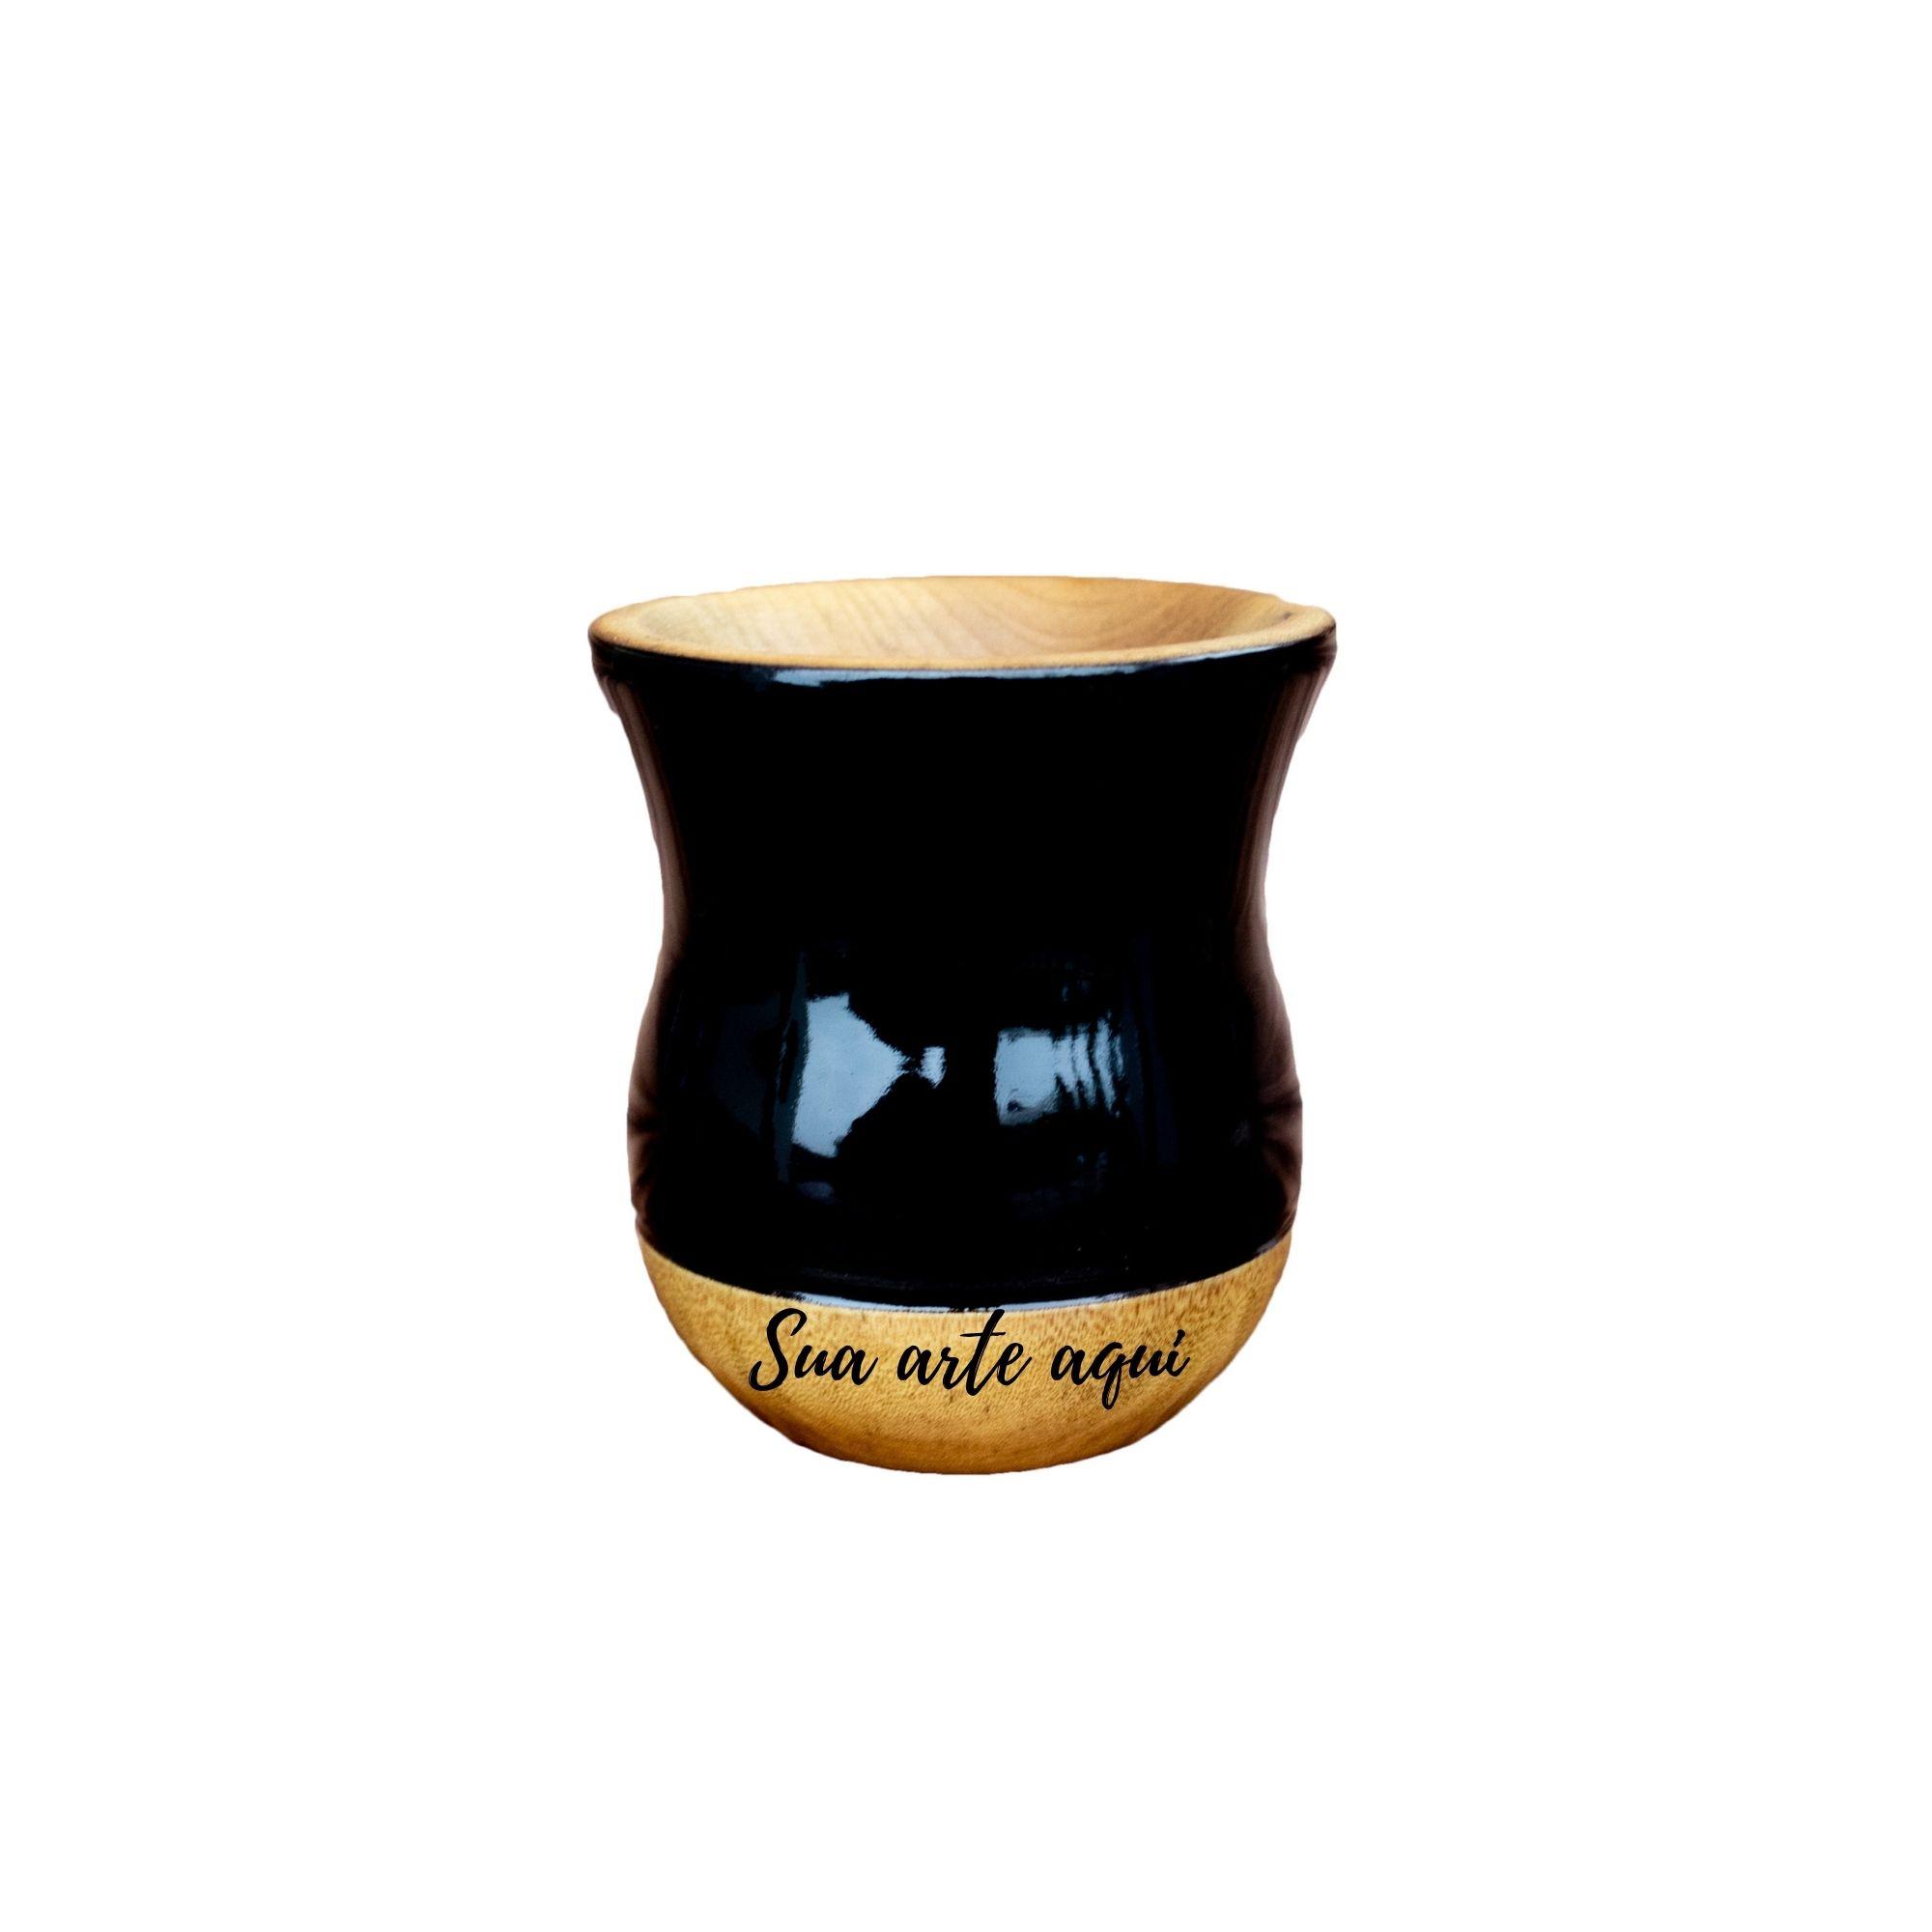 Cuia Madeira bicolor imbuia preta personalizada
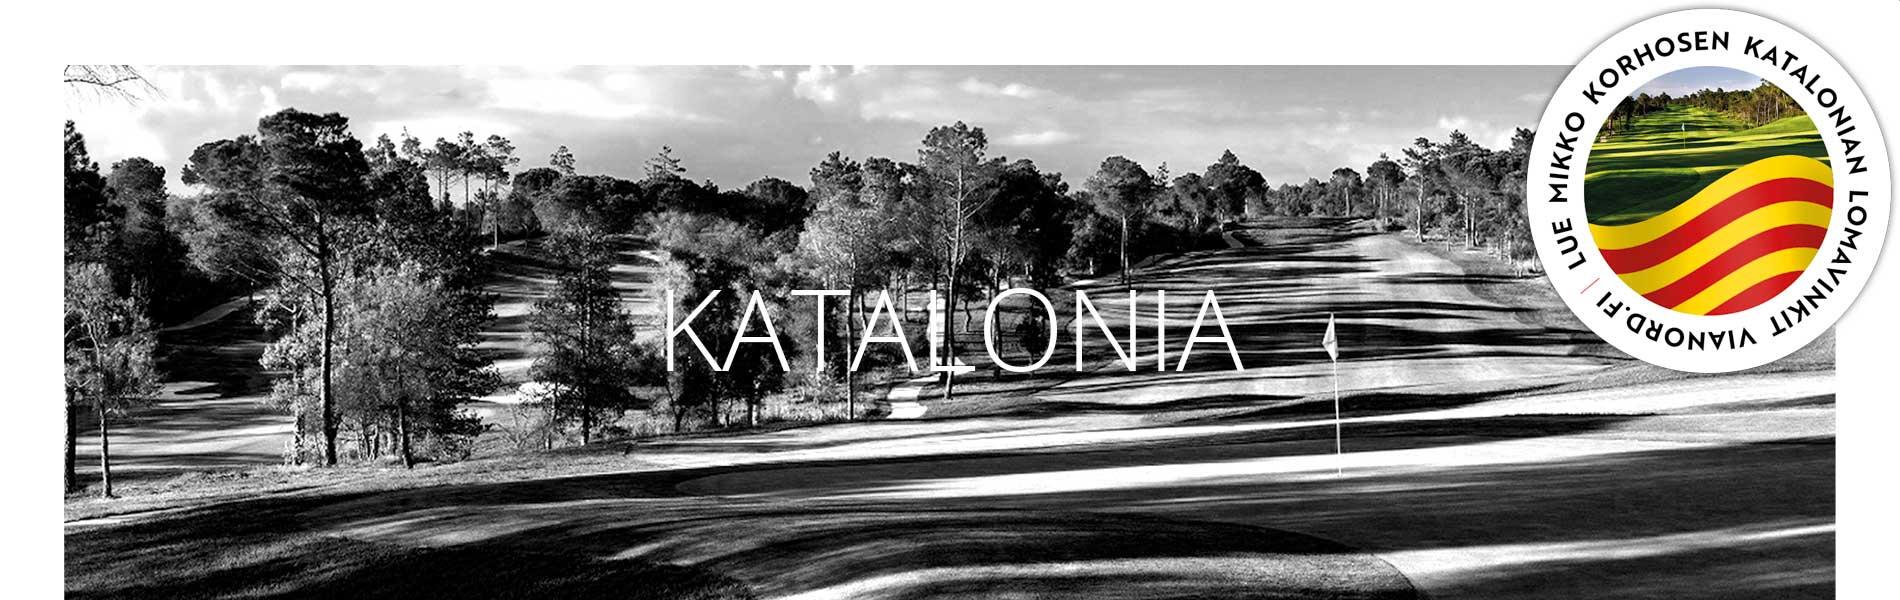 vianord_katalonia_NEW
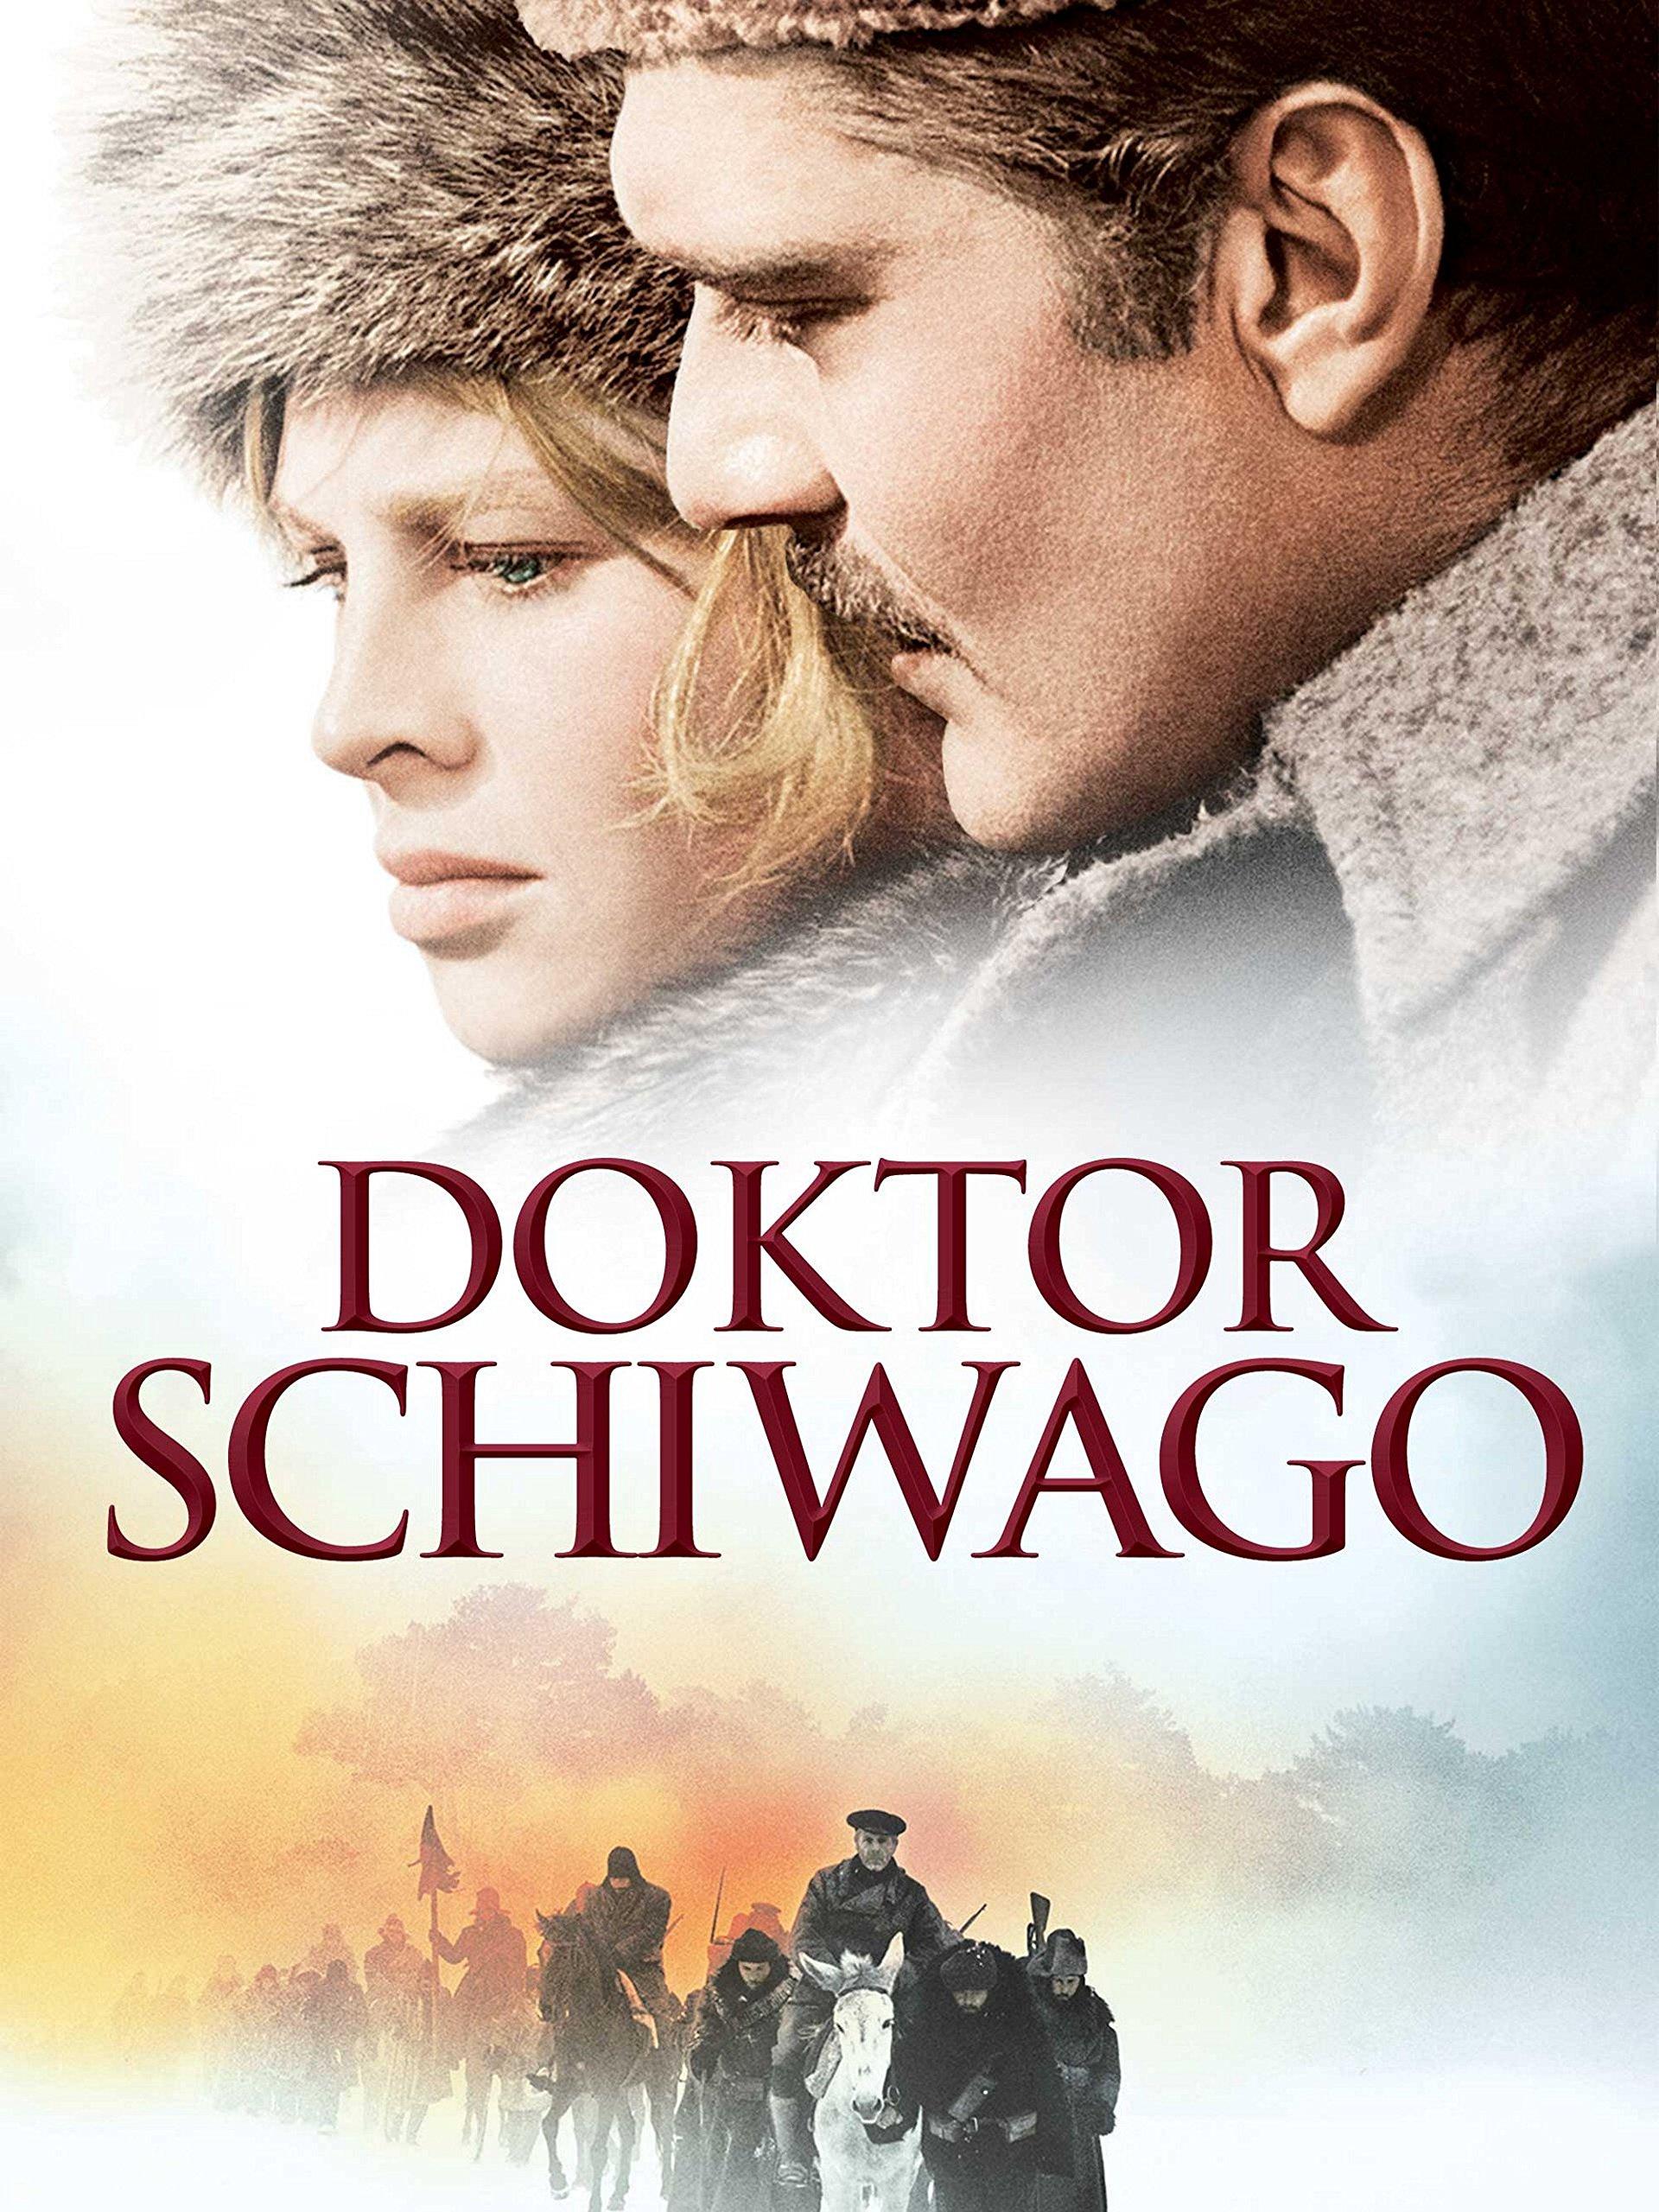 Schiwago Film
#####
- TASK BRIEF -
Repeat the data exactly, dropping every picture it holds.

- RESULT FOR THIS TASK -
 Cuia Madeira bicolor imbuia preta personalizada
 vianord_katalonia_NEW
 Schiwago Film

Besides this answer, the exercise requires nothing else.